TRPM4 Channels Mediate Hypertonicity-induced, Ca²⁺-impermeable, Non-selective Cation Currents in a Cervical Cancer Cell Line, HeLa Cells

Abstract

When extracellular osmolarity exceeds intracellular osmolarity, cells initially shrink but then approach the original cell volume by so-called regulatory cell volume increase (RVI). RVI operates under physiological conditions so that impairment of RVI leads to immediate cell cycle arrest and apoptosis. In a cervical cancer cell line, HeLa cells, extracellular hypertonicity induced non-selective cation currents (I_HO currents) which transported mainly Na⁺ into cells to induce RVI as assessed with the patch-clamp method. Ion channels mediating these currents were Ca²⁺-impermeable and sensitive to flufenamic acid (FFA) and econazole but not to amiloride or ruthenium red.

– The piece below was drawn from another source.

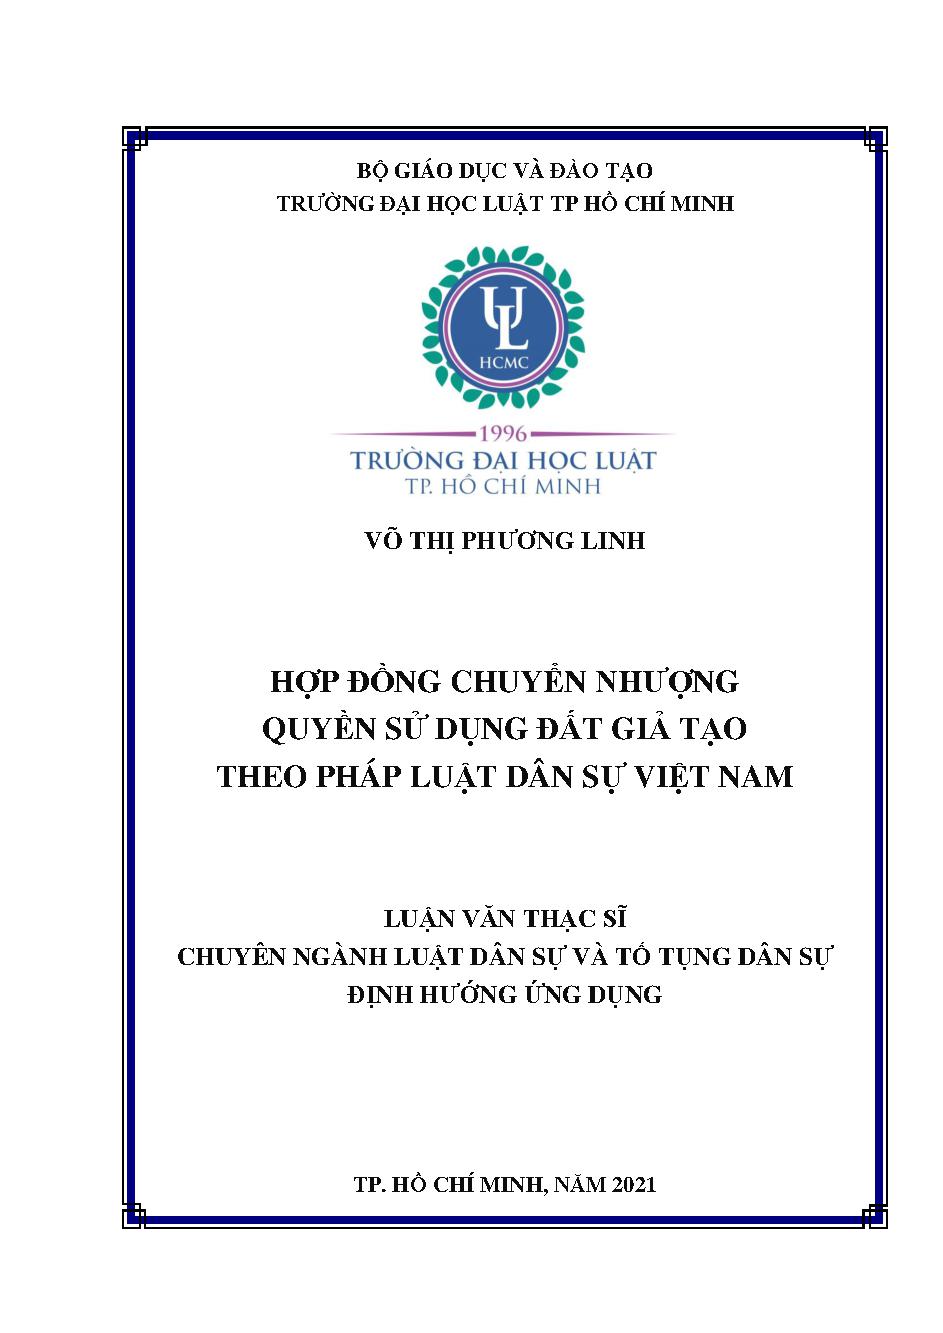 Hợp đồng chuyển nhượng quyền sử dụng đất giả tạo theo pháp luật dân sự Việt Nam

RT-PCR indicated that HeLa cells express transient receptor potential (TRP) C1, C6, M3, M4, M7, M8, V1 and V2 subunits which form non-selective cation channels. From these results, we speculated that TRPM4 may mediate I_HO currents. Indeed, transduction of a dominant-negative TRPM4 subunit significantly inhibited I_HO currents. TRPM4 channels became insensitive to hypertonic stimulus when intracellular Ca²⁺ was strongly buffered. Thus, extracellular hypertonicity activates TRPM4 channels through intracellular Ca²⁺ to induce RVI in HeLa cells. These results indicate that intra-uterus or -vaginal application of drugs blocking TRPM4 channels may cause antiproliferative/proapoptotic effects on cervical cancer.